(1.) Suit by the plaintiff to recover (1) a sum of Rs. 2,500 deposited with 1st defendant on 6 July 1917 and (2) a sum of Rs. 350 payable to plaintiff for money paid for 1 defendant. The defendants 2 to 5 are the sons of 1 defendant who formed with him, members of a joint family up to 1918. In that year a suit was filed by the present 2nd defendant against his father and brothers for partition. No written statement was filed and the suit was compromised and a decree was passed in terms of the compromise on 23-1-1920. Under the compromise, provision was made for paying off most of the debts contracted by the 1 defendant but not the suit debt. No specific properties we re allotted to the 1 defendant and it was arranged that a maintenance of Rs. 30 should be paid to him every month. The present suit was filed on 6-7-1920 and the defendants 2 to 5 are sought to be made liable with reference to the shares in their hands of what had been prior to 1920, joint family properly. The defendants denied the genuineness of the debts. The District Judge found that the debts were true. He had doubts about the bona fides of the partition, but on the ground that under the compromise it was agreed that all the debts of the 1 defendant were agreed to be paid by all the defendants, decreed the suit. All the defendants appealed. The 1 defendant died during the pendency of the appeal. With the construction of the terms of the compromise by the District Judge, we are not able to agree.

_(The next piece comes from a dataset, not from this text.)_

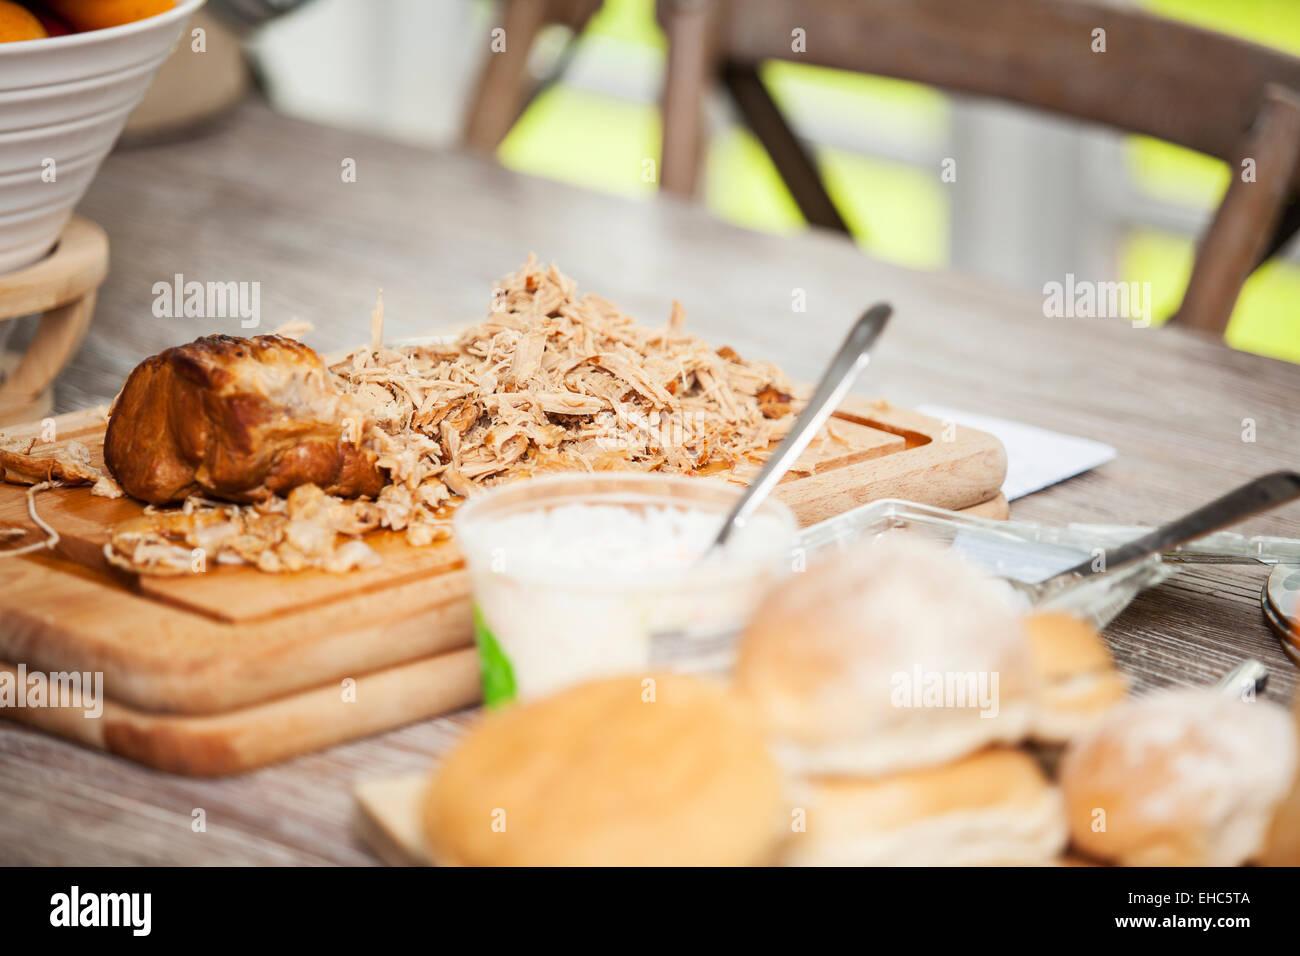 Gezogen Schweinefleisch auf ein Schneidebrett bereit für Essen Stockbild

(2.) The other appellants do not question the correctness of the finding that the debts are true. Nor do they say that the debts are illegal or immoral. They contend that the sons are not liable for the father's debt (not charged on the property) after partition and rely on Karri Venkatareddi V/s. Chelluri Satyanarayanamurthi (1920) 40 MLJ 473 following Peda Venkanna V/s. Sreeneevasa Dikshathulu (1917) ILR 41 M 136 : 33 MLJ 519. The respondent replies that the partition is not bona fide within the meaning of the exception recognised in these cases and if the partition is held bona fide, he contends that Karri Venkata Reddi V/s. Chelluri Satyanarayanamurthi (1920) 40 MLJ 473 is incorrectly decided and as to Peda Venkanna V/s. Sreeneevasa Dikshathulu (1917) ILR 41 M 136 : 33 MLJ 519 while conceding that the actual decision is correct, in so far as it rests on any ground other than the ground that the pronote in that case was renewed by the father after partition, such ground is not correctly decided.
(3.) We are of opinion that the partition by the decree of 1920 was bona fide in the sense that the intention was to really divide the status of the parties; it is probably also bona fide though the matter has not been fully gone into, in the sense that there has been no unequal allotment of properties if we regard all the debts as debts of 1 defendants only i. e., that his share, minus all the debts would have been much less than what he actually got viz., an annuity of Rs. 360 and we come to this conclusion in spite of the fact that there has been no division by metes and bounds and the decision in Appa V/s. Ranga (1882) ILR 6 Mad 71 is doubtful, if it meant to decide that the family continues joint in cases where there is a relinquishment by the father subject to a maintenance. It is not bona fide only in the sense, that provision was not made for all the debts of 1 defendant not illegal and immoral (Ghose's Hindu Law Vol. 1 page 438) out of the whole joint family properties from which they would have been recoverable if there had been no partition and debts like the plaintiffs will be defeated if it is held that the defendants 2 to 5 are not liable. As it is doubtful whether the exception mentioned in the cases uses the expression bona fide in this sense, we had to consider the question of the correctness of the decisions relied on.